Dynamic Programming w/ 1D array USACO Training: Subset Sums

1.1k views Asked by At

While working through the USACO Training problems, I found out about Dynamic Programming. The first training problem that deals with this concept is a problem called Subset Sums.

The Problem Statement Follows:


For many sets of consecutive integers from 1 through N (1 <= N <= 39), one can partition the set into two sets whose sums are identical. For example, if N=3, one can partition the set {1, 2, 3} in one way so that the sums of both subsets are identical:

{3} and {1,2}

This counts as a single partitioning (i.e., reversing the order counts as the same partitioning and thus does not increase the count of partitions). If N=7, there are four ways to partition the set {1, 2, 3, ... 7} so that each partition has the same sum:

{1,6,7} and {2,3,4,5}

{2,5,7} and {1,3,4,6}

{3,4,7} and {1,2,5,6}

{1,2,4,7} and {3,5,6}

Given N, your program should print the number of ways a set containing the integers from 1 through N can be partitioned into two sets whose sums are identical. Print 0 if there are no such ways. Your program must calculate the answer, not look it up from a table.

INPUT FORMAT The input file contains a single line with a single integer representing N, as above.

SAMPLE INPUT (file subset.in) 7

OUTPUT FORMAT The output file contains a single line with a single integer that tells how many same-sum partitions can be made from the set {1, 2, ..., N}. The output file should contain 0 if there are no ways to make a same-sum partition. SAMPLE OUTPUT (file subset.out) 4


After much reading, I found an algorithm that was explained to be a variation of the 0/1 knapsack problem. I implemented it in my code, and I solved the problem.
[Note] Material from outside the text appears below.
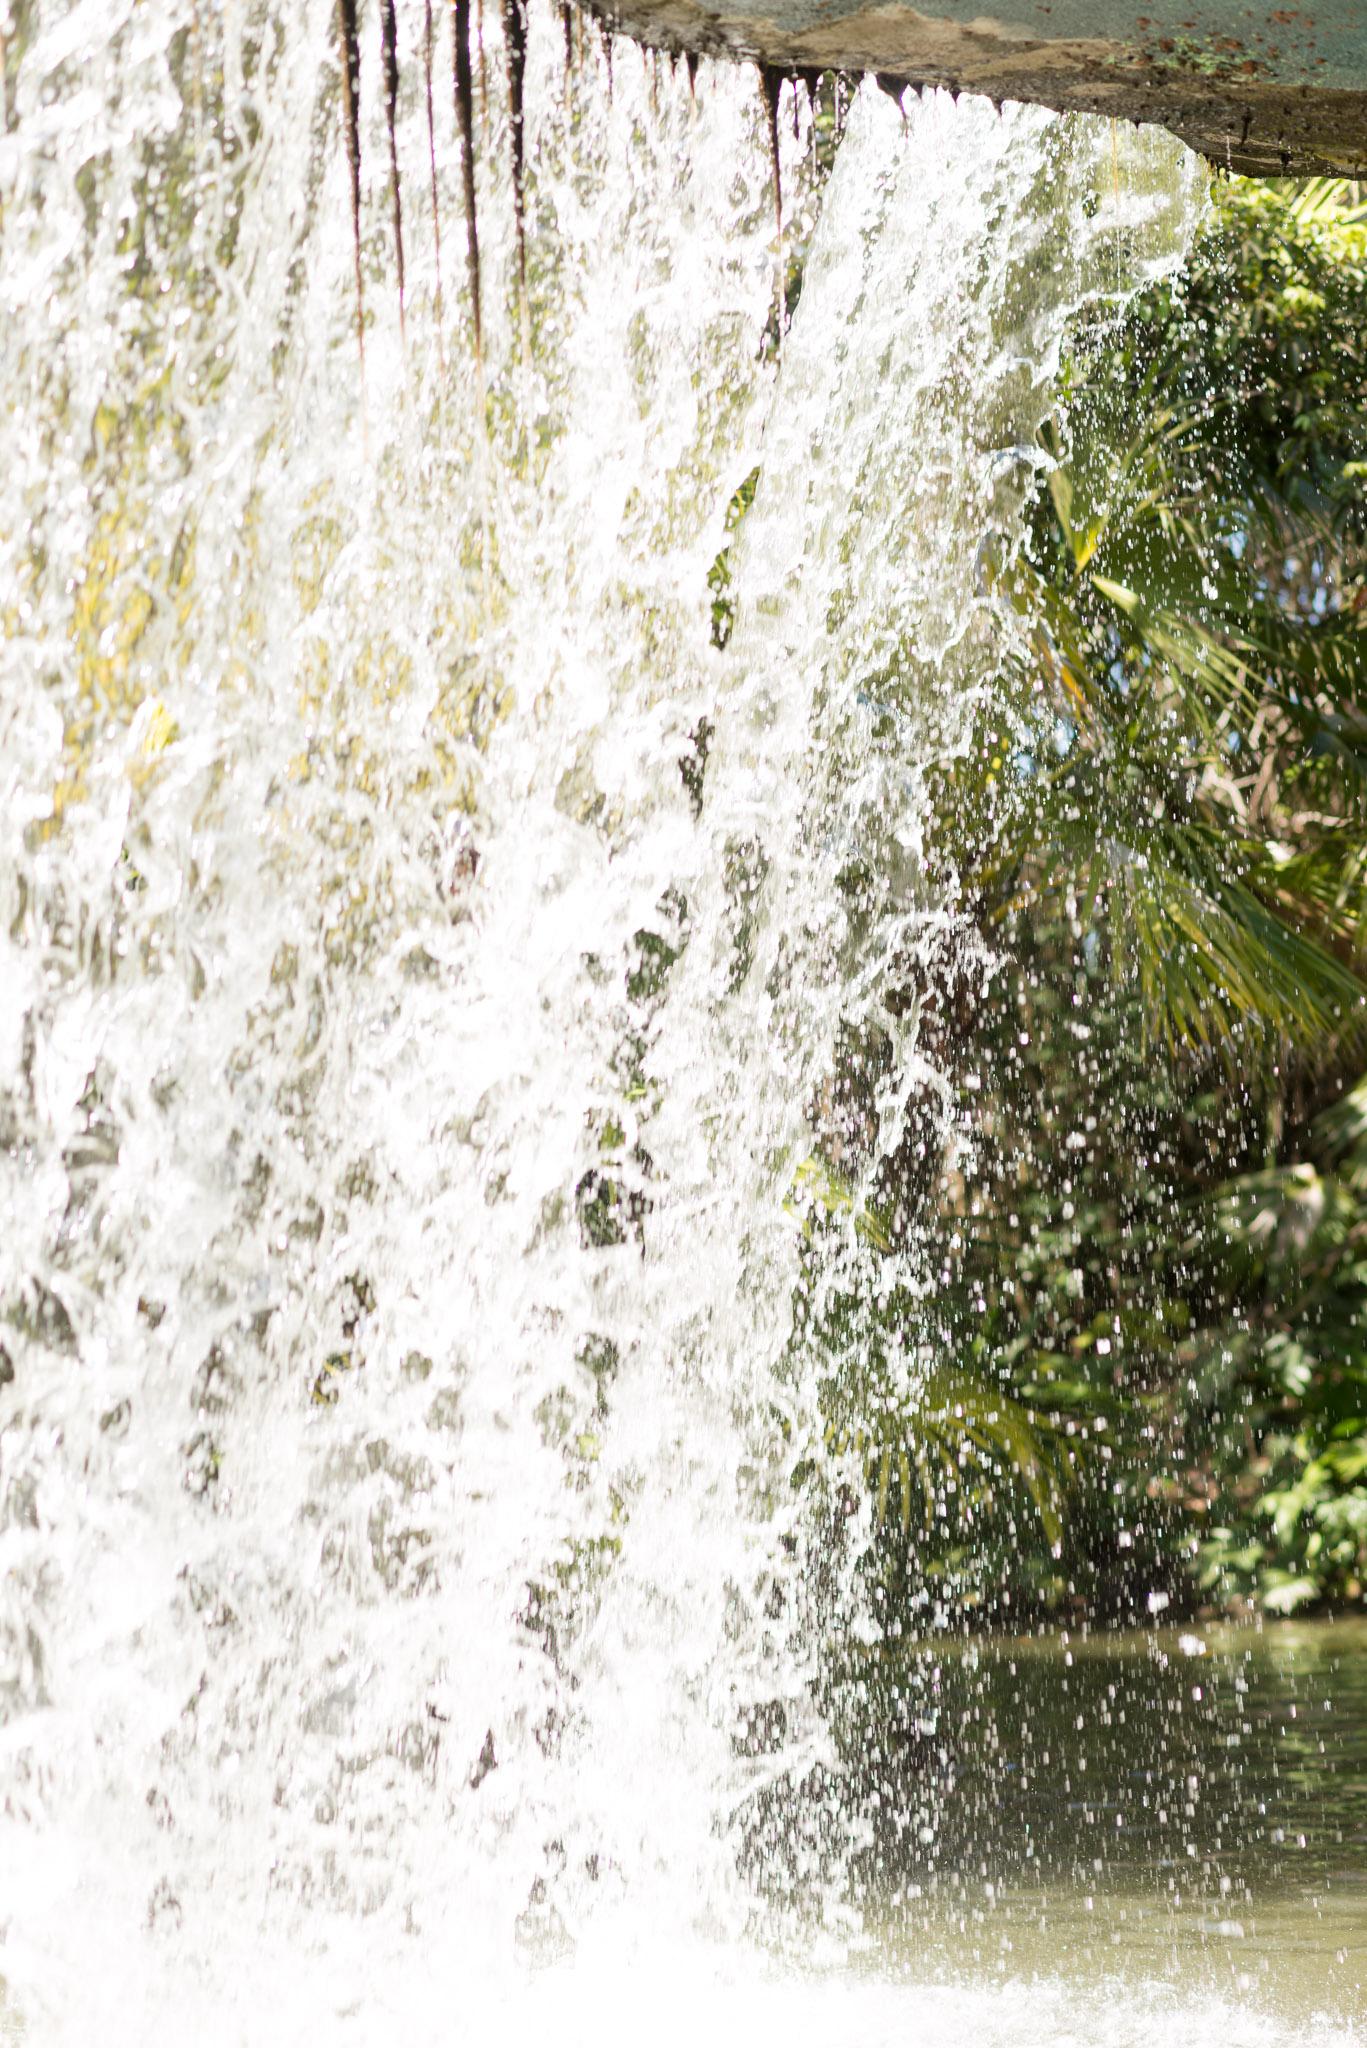 Jungle Cruise - Back Side of Water - Walt Disney World Magic Kingdom

However, I have no idea how my code works or what is going on.

*Main Question: I was wondering if someone could explain to me how the knapsack algorithm works, and how my program could possibly be implementing this in my code?

My code:

 #include <iostream>
 #include <fstream>
 using namespace std;
 int main()
 {
      ifstream fin("subset.in");
      ofstream fout("subset.out");
      long long num=0, ways[800]={0};
      ways[0]=1;
      cin >> num;

      if(((num*(num+1))/2)%2 == 1)
      {
           fout << "0" << endl;
           return 0;
      }
      //THIS IS THE BLOCK OF CODE THAT IS SUPPOSED TO BE DERIVED FROM THE 
      //   O/1 KNAPSACK PROBLEM
      for (int i = 1; i <= num; i++) 
      {
           for (int j = (num*(num+1))/2 - i; j >= 0; --j) 
           {
                ways[j + i] += ways[j];
           }
      }
      fout << ways[(num*(num+1))/2/2]/2 << endl;
      return 0;
 }

*note: Just to emphasize, this code does work, I just would like an explanation why it works. Thanks :)

1

There are 1 answers

0
MBo On BEST ANSWER

I wonder why numerous sources could not help you.
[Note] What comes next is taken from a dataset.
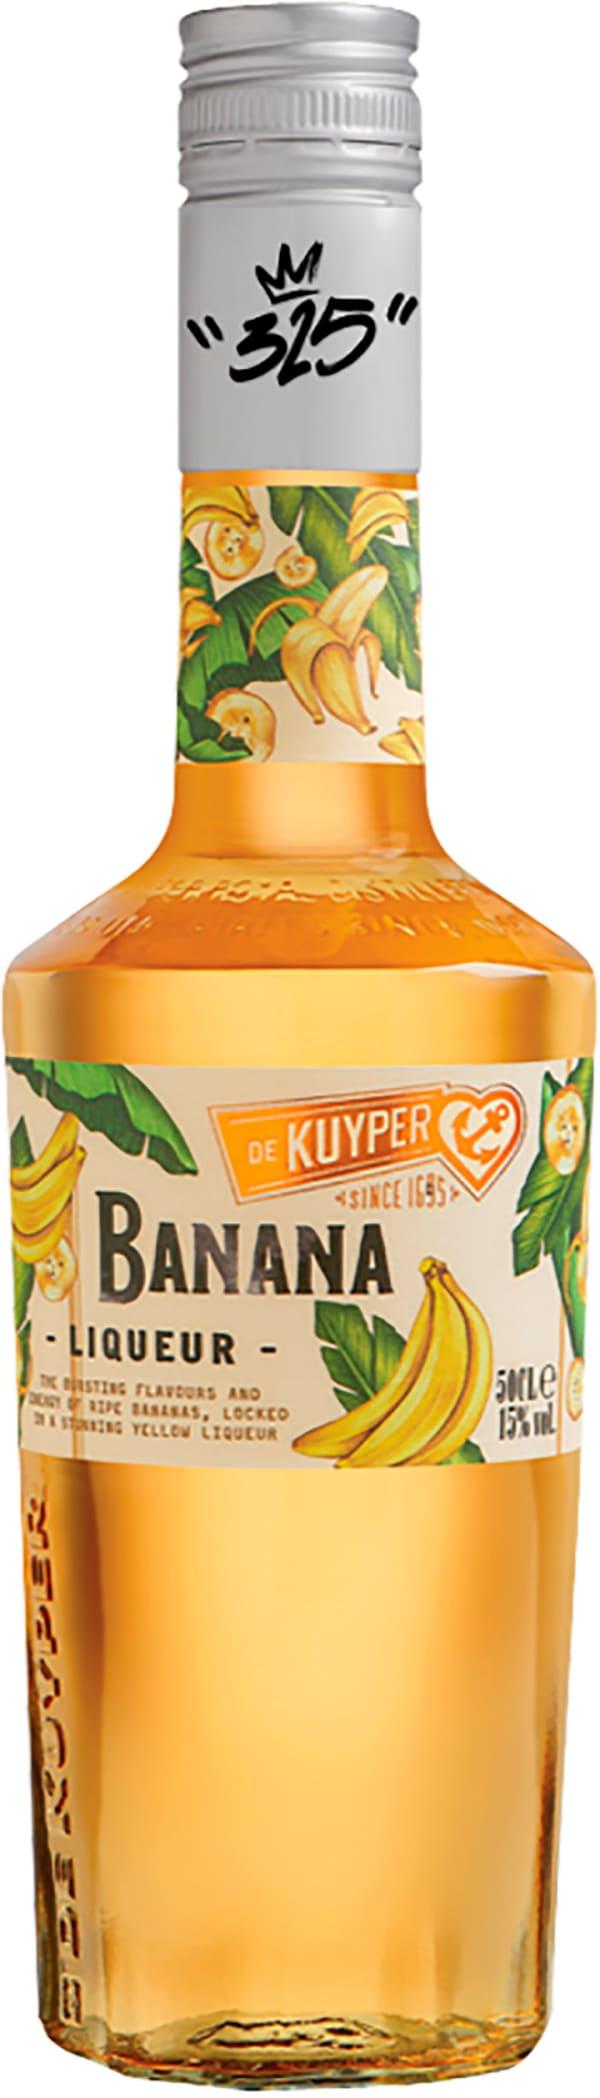 De Kuyper Banana

Trying one more time with my ugly English:

ways[0]=1;

there is a single way to make empty sum

num*(num+1))/2

this is MaxSum - sum of all numbers in range 1..num (sum of arithmetic progression)

if(((num*(num+1))/2)%2 == 1)

there is no chance to divide odd value into two equal parts

for (int i = 1; i <= num; i++)

for every number in range

for (int j = (num*(num+1))/2 - i; j >= 0; --j) ways[j + i] += ways[j];

sum j + i might be built using sum j and item with value i.

For example, consider that you want make sum 15.
At the first step of outer cycle you are using number 1, and there is ways[14] variants to make this sum.
At the second step of outer cycle you are using number 2, and there is ways[13] new variants to make this sum, you have to add these new variants.
At the third step of outer cycle you are using number 3, and there is ways[12] new variants to make this sum, you have to add these new variants.

ways[(num*(num+1))/2/2]/2

output number of ways to make MaxSum/2, and divide by two to exclude symmetric variants ([1,4]+[2,3]/[2,3]+[1,4])

Question for self-thinking: why inner cycle goes in reverse direction?